Your next question comes from the line of Andy Scheife of William Blair. Please go ahead.

[Speaker 4]

Great. Thanks for taking our questions. Maybe

[Speaker 5]

kind of extend from Mark's question earlier in the call. Just curious about whether you could comment on the level of excitement and kind of scientific validation with the change of the IST in pancreatic cancer. Obviously, I think it's well validated that onvansertib synergy with irinotecan, which is now included in the regimen versus the gimabraxane regimen before. I'm curious about your view on that.

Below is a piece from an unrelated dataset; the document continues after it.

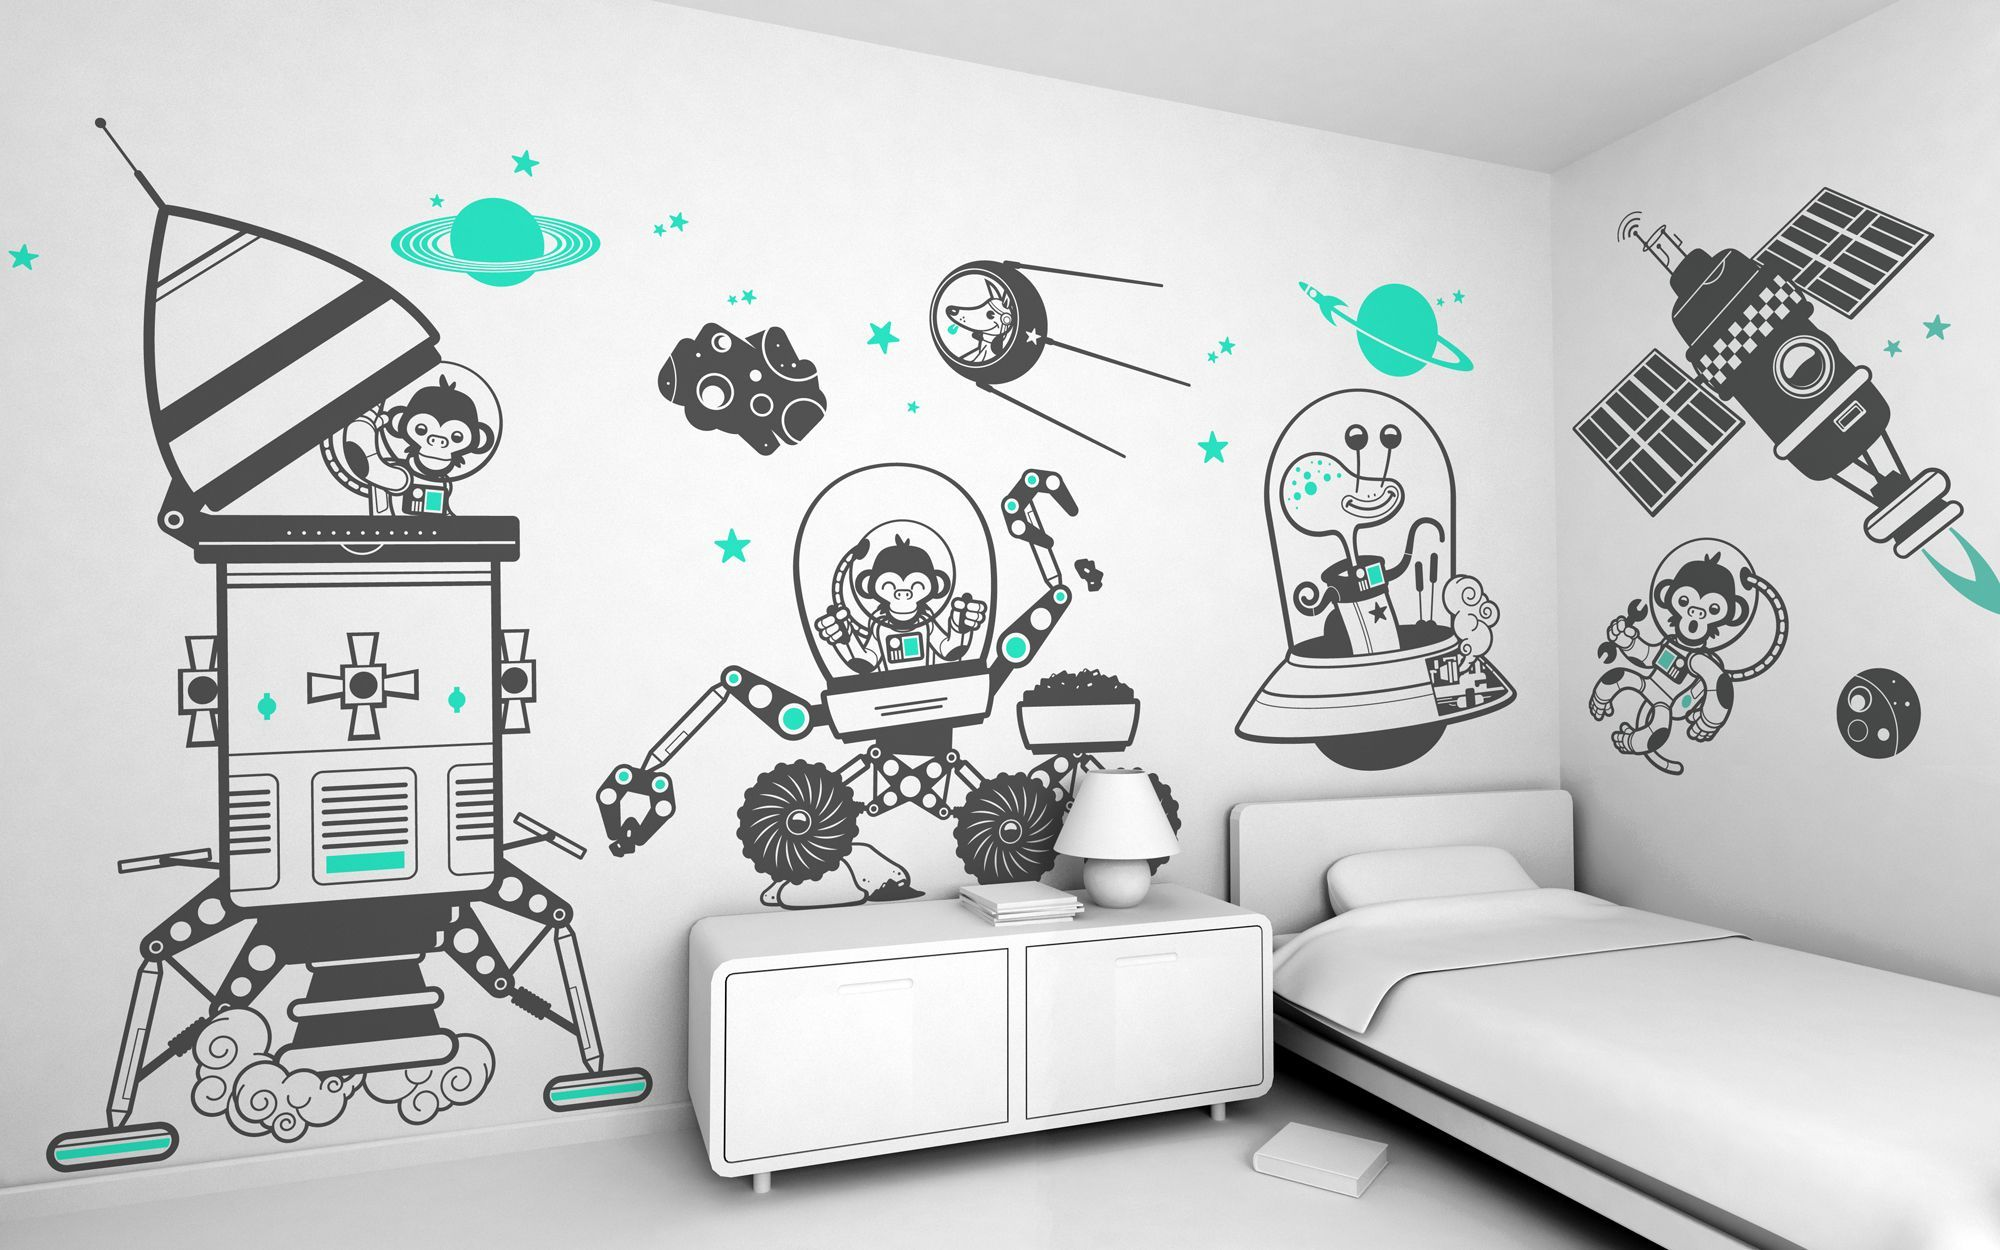 wall art decoration - Google Search   Store Idea   Pinterest ...
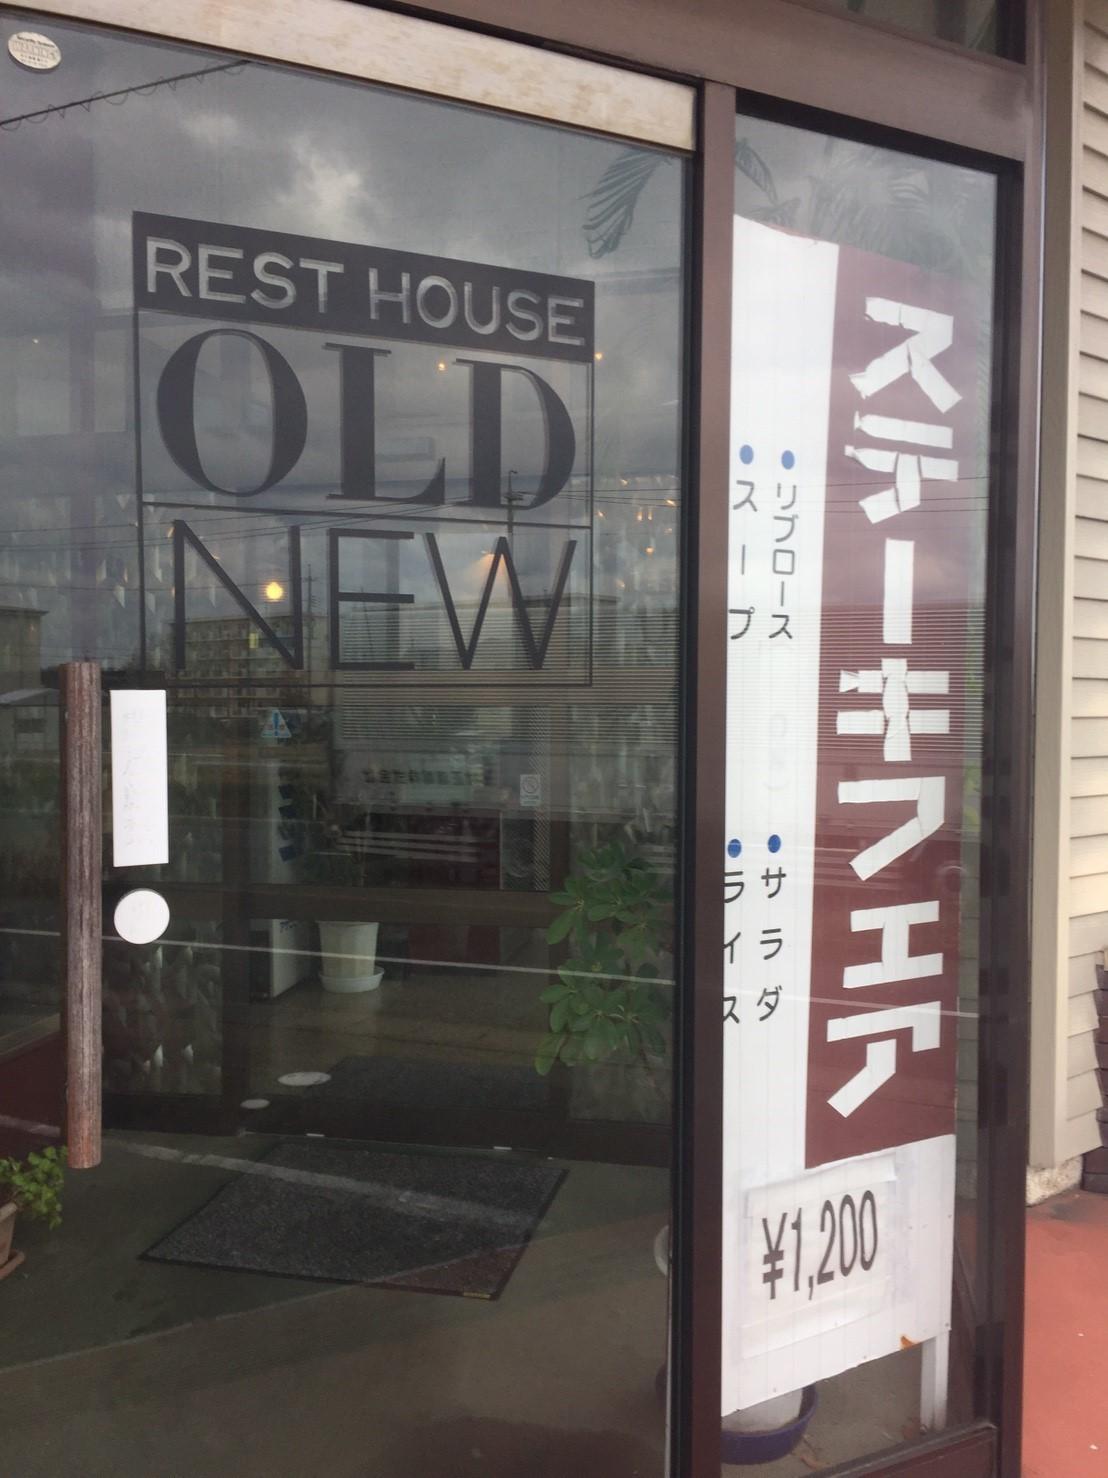 REST HOUSE OLD NEW ランチ記録_e0115904_10083707.jpg

And then in terms of the potential ovarian cancer entry, there's obviously new therapy, new cancer in the form of ADCs.

[Speaker 5]

So you've looked at chemotherapy, you've looked at targeted therapy, combinations, PARP. So just curious about whether you've done or plan do any sort of combinatorial work in the ADC field as well? Thanks.

[Speaker 2]

Thanks Andy for both of those questions. I'd say to answer your first question, really the irinotecan synergy is one of the main reasons we are going with the combination with Naleri Fox in first line. Also the PI that is that we're working with for this new investigator initiated trial has already has experience in our second line pancreatic trial and really was the a huge proponent enthusiastic in going into first line. So that was really he knows our drug, he knows it's well tolerated and he's very excited about going into first line. To answer your other question about ovarian cancer and ADC combination, we are currently pre clinically looking at ADCs in combination with onvansertib, not only ovarian, not specific only on ovarian, but we are really exploring that in several other areas that where ADCs have been approved.

[Speaker 5]

That's helpful. Thank you so much.

[Speaker 2]

Sure. Thanks, Andy.

[Operator]

There are no more questions. I will now turn the conference back over to Mark Erlander for closing remarks.

[Speaker 2]

Thank you, operator, and this concludes our conference call. Thank you again everybody for joining us this afternoon. Good day.

[Operator]

Ladies and gentlemen, that concludes today's call. Thank you all for joining. You may now disconnect.